Laparoscopic Colectomy: Does the Learning Curve Extend Beyond Colorectal Surgery Fellowship?
Joshua A. Waters, MD, Ray Chihara, MD, Jose Moreno, MD, Bruce Robb, MD, Virgilio George, MD
Indiana University School of Medicine
Background: As minimally invasive colon and rectal resection has become increasingly prevalent over the past decade, the role that fellowship training plays has become an important question.
This analysis examines the learning curve of one fellowship trained colorectal surgeon in the first 100 cases.
Methods: This is a prospectively collected retrospective analysis of the first 100 laparoscopic colon and rectal resections performed between July 2007 and July 2008 by a CRS fellowship trained surgeon at a VA and county hospital. Included were all nonemergent laparoscopic cases.

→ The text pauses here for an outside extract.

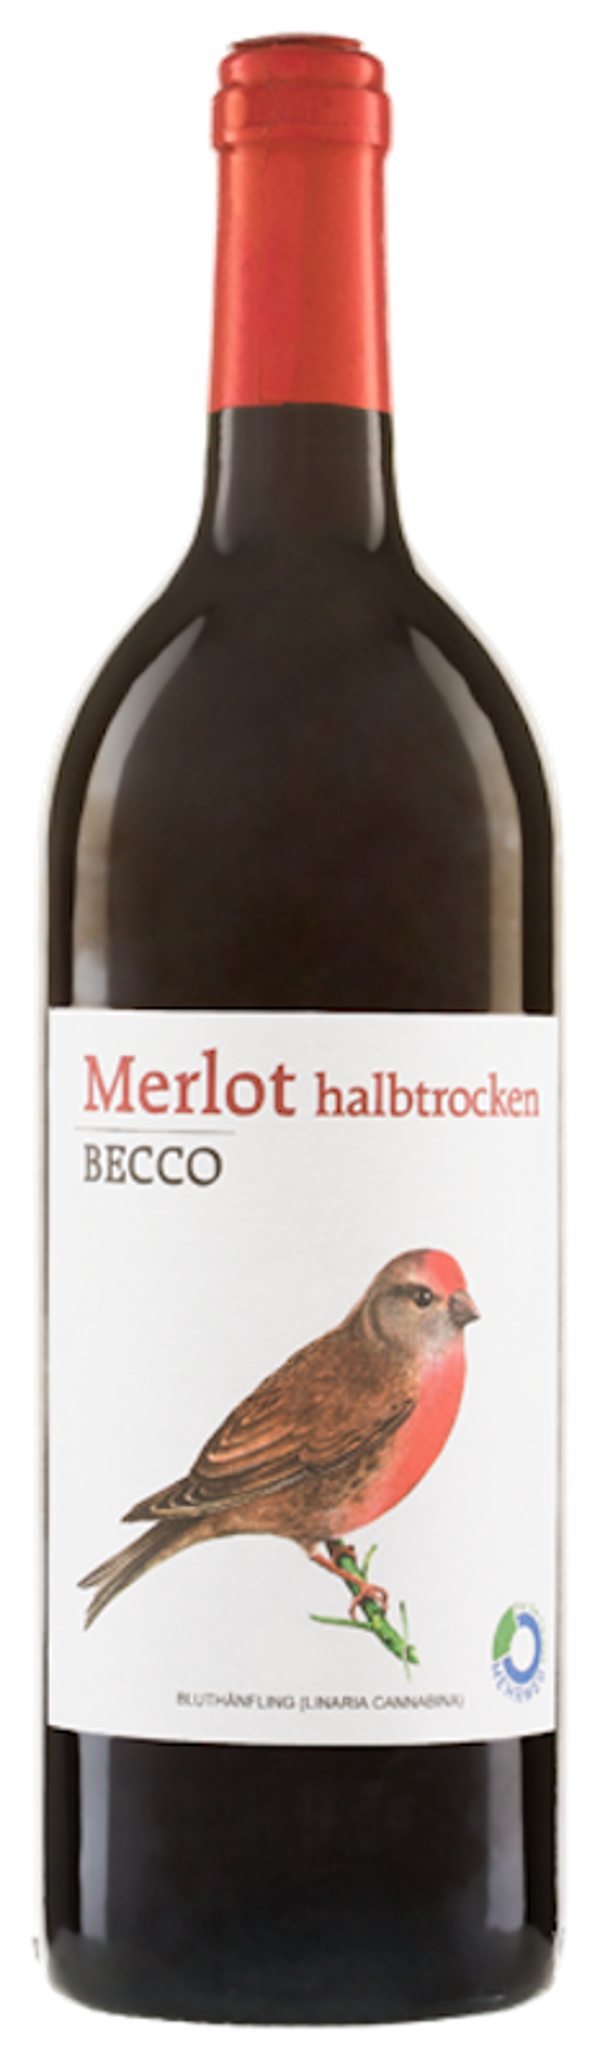 Produktfoto zu Merlot Becco halbtrocken rot 1l Riegel Bioweine
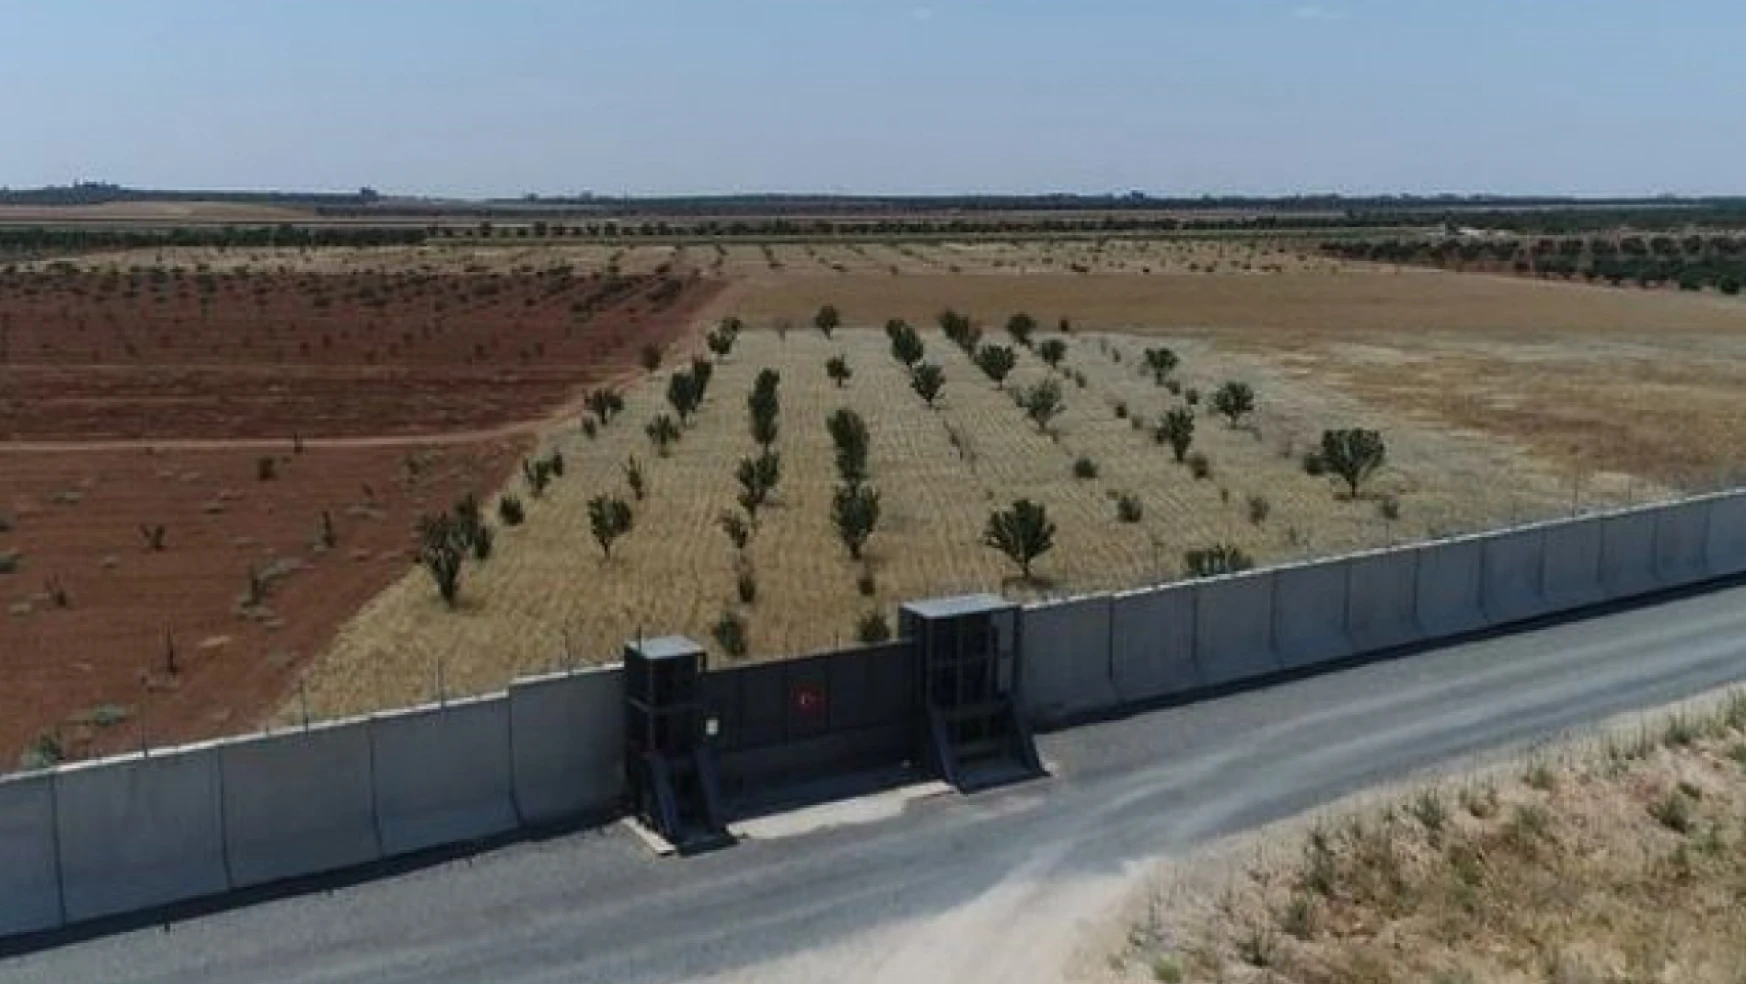 Türkiye sınırında çekildiği iddia edilen görüntüler gerçeği yansıtmıyor

Results: Mean age was 63 years (range, 36 to 91). These 100 resections included 42 right, 6 left, 32 sigmoid, 13 rectal, and 7 total colectomies. Indications were 55% cancer, 19% unresectable polyp, 18% diverticular disease, 4% inflammatory, and 4% other. Overall mortality was 3%. Morbidity including wound infection was 28%. Early and late groups showed no difference in age, ASA, or indication. Overall conversion rate was 4%. No statistical difference was seen in mortality, morbidity, EBL, LOS, margin, lymph nodes, or conversions between the first and second 50 cases (P<0.05). Right and sigmoid colectomy operative time decreased by 35% and 19%, respectively.
Conclusions: Prior investigators have demonstrated a significant learning curve in laparoscopic colorectal surgery. In the first 100 cases, no difference in mortality or morbidity occurred between early and late cases. Alternatively, operative times decreased over the first 100 cases. Laparoscopic experience during CRS fellowship surpasses the learning curve in regard to safety and outcome, whereas operative efficiency increases over the first year of practice.